Hybrid hierarchical matrices with adaptive mixed precision storage

Abstract

Hierarchical matrices are data-sparse approximations of dense matrices that are widely used for fast matrix computations. Hierarchical matrices are built using a tree data structure, with low-rank blocks identified by various admissibility conditions, such as standard admissibility and weak admissibility. This paper introduces a novel hierarchical matrix framework, namely Hh, based on a hybrid admissibility condition: we use the standard admissibility at the coarser levels (larger blocks) and the weak admissibility at the finer levels (smaller blocks). This hybrid strategy confines dense blocks only along the diagonal. We provide a criterion that ensures lower storage cost for Hh-matrices compared to H-matrices under the standard admissibility condition. We carry out a rounding error analysis of Hh-matrices and show that the admissible blocks of Hh-matrices can be represented in low precision (precision lower than the working precision) without degrading the overall approximation quality.
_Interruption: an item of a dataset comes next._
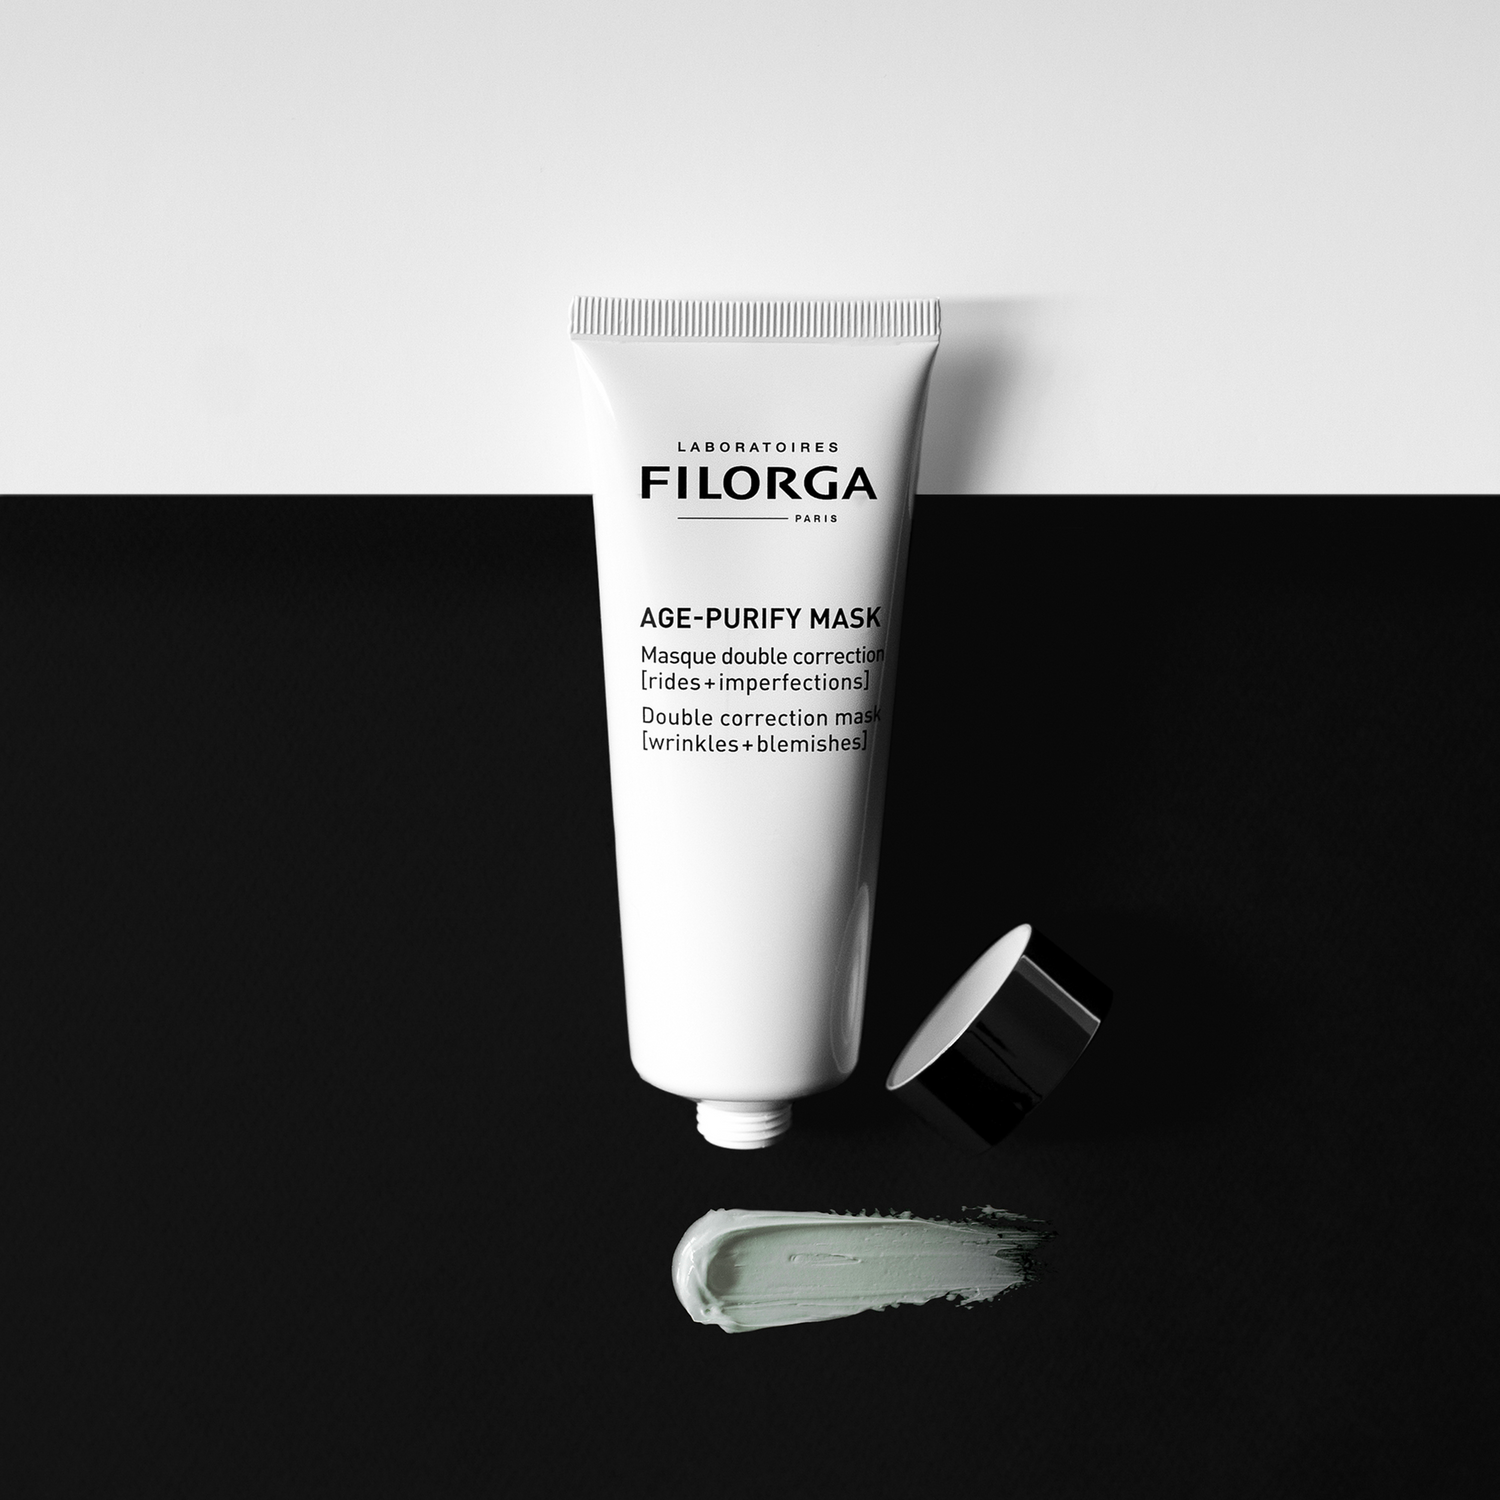 FILORGA AGE-PURIFY MASK opened tube with green cream-clay texture under it

We provide an explicit rule for dynamically selecting the precision of a given admissible block, thereby proposing an adaptive mixed precision algorithm for constructing and storing Hh-matrices. Furthermore, we show that the use of mixed precision does not compromise the numerical stability and accuracy of the resulting Hh-matrix-vector product. We perform a range of numerical experiments to validate our theoretical findings. Our numerical results show that the proposed adaptive mixed precision Hh-matrices achieve significant storage reductions (up to 11 ×) compared with uniform double precision standard admissibility-based H-matrices, without compromising accuracy.